Max Mayfield estaba hecha un desastre.
El cabello rojo recogido en un moño alto totalmente improvisado, con mechones sueltos pegados a la frente por el calor. Una camiseta vieja de Billy, arrugada, más grande de lo necesario, colgándole de un hombro. Short desgastado. Chanclas golpeando el suelo con cada paso lento. Y esa cara... esa cara de "no dormí, no desayuné y probablemente odio todo".
A su lado, Billy Hargrove caminaba como si fuera una extensión del caos, pero en versión más controlada: gafas de sol, mandíbula tensa, manos en los bolsillos, claramente irritado por estar ahí pero demasiado orgulloso como para admitir que también estaba agotado.
El guardia frunció el ceño.
—¿Estás... estás bien? —preguntó, dudando si acercarse más o no—. ¿Necesitas ayuda?
Max parpadeó lento. Demasiado lento. Como si su cerebro estuviera tardando tres horas en procesar la pregunta.
Miró al guardia. Miró a Billy. Miró el supermercado detrás. Y luego soltó un suspiro larguísimo.
—No estoy muriendo —dijo con voz plana—. Solo estoy... sobreviviendo.
Billy soltó una risa corta, sin humor real.
—"Sobreviviendo" es la palabra bonita para decir "esta casa nos está drenando el alma", ¿no?
Max le lanzó una mirada asesina.
—Cállate.
El guardia no parecía convencido. Dio un paso más cerca.
—Es que te ves... descompuesta.
Max bajó la mirada a sí misma como si recién se acordara de su existencia física.
Y ahí le cayó todo.
La ropa lavada colgando en algún hilo improvisado en la casa vieja porque la humedad había vuelto todo insoportable. El olor a encierro. La energía eléctrica fallando y los alimentos echándose a perder uno por uno. Neil intentando arreglar el sistema con Susan ayudándolo mientras ellos dos eran "mandados" como si fueran los únicos sin derecho a descansar. Sin desayuno. Sin café. Sin nada.
Y ella ahí, con la camiseta de Billy como uniforme oficial de desastre.
—Genial —murmuró Max—. Ahora hasta el guardia del súper piensa que soy un caso perdido.
Billy ladeó la cabeza.
—No "piensa". Confirma.
Max le dio un codazo directo en las costillas.
—¡Oye!
—¿Qué? Es verdad —dijo él, encogiéndose de hombros—. Te ves como si te hubieras peleado con una tormenta y la tormenta ganara.

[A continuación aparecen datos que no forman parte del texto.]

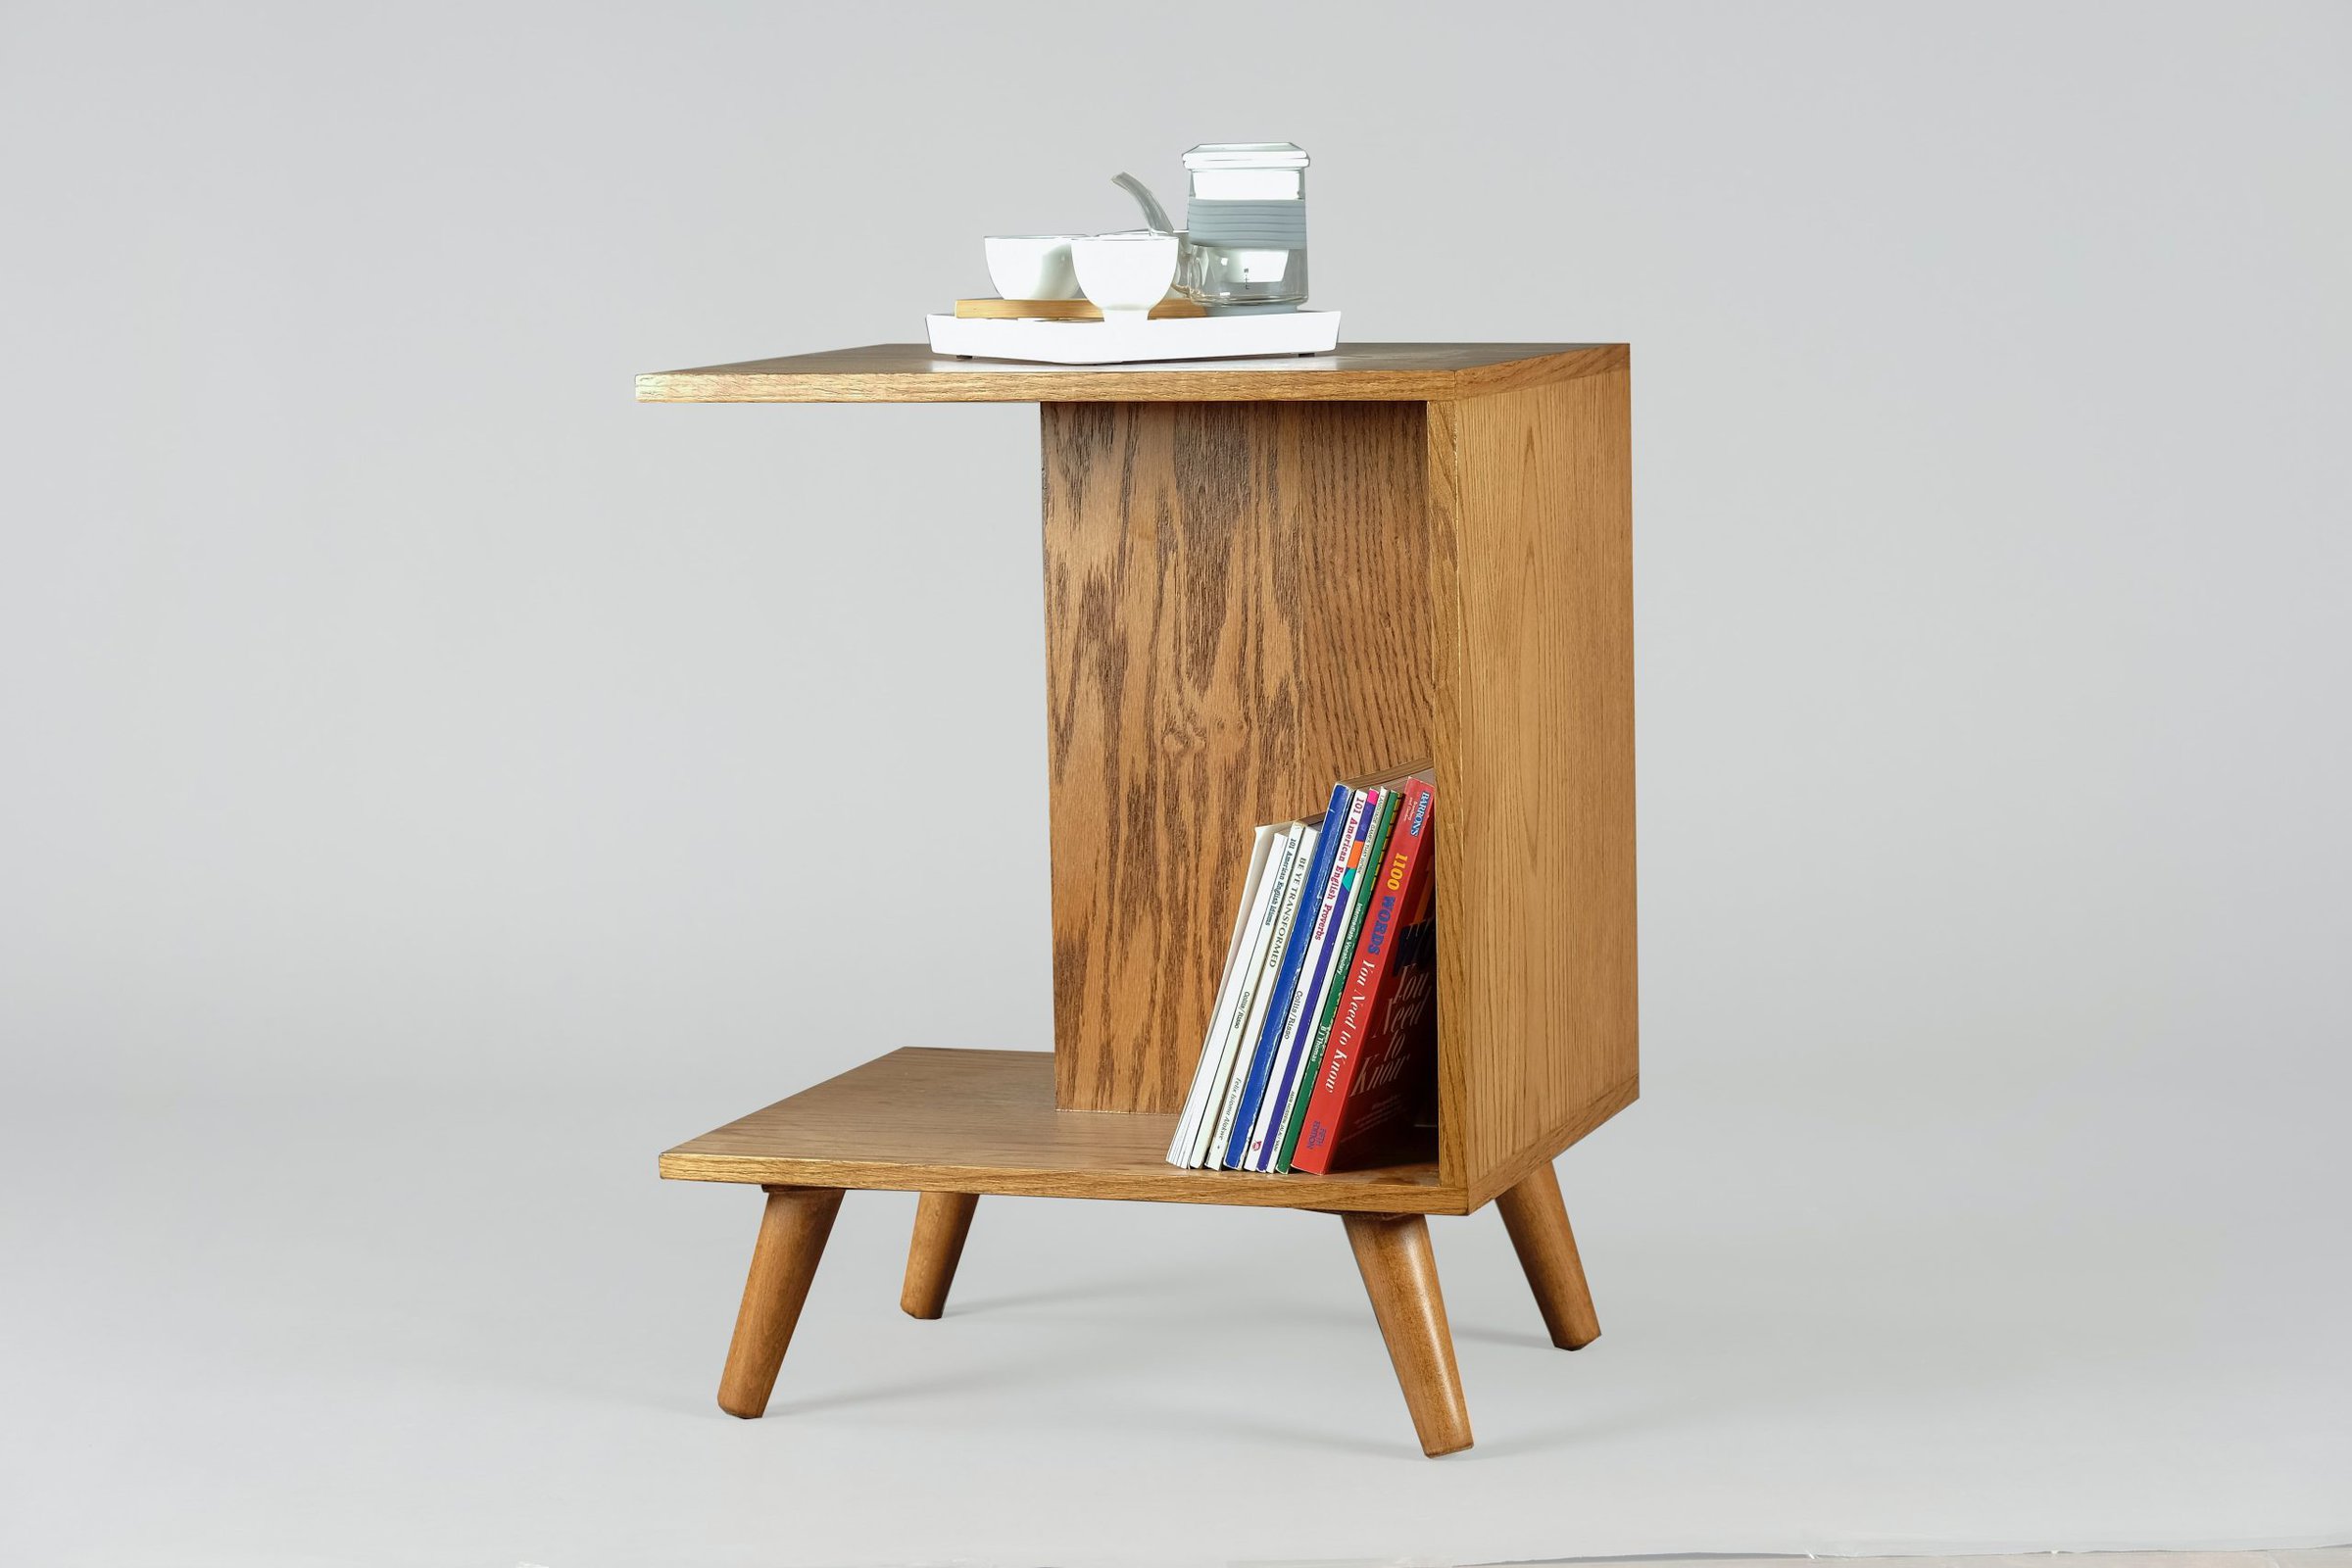  Quirky Wood Table scaled

El guardia carraspeó, incómodo.
—Si quieres puedo llamar a alguien—
—No —Max lo cortó rápido, por primera vez más despierta—. No necesito ayuda. Solo necesito... comida. Mucha.
Se quedó en silencio un segundo.
Luego agregó, casi como confesión:
—Y azúcar. Mucha azúcar.
Billy asintió de inmediato.
—Ahora sí estás hablando mi idioma.
El guardia finalmente dudó, pero los dejó pasar.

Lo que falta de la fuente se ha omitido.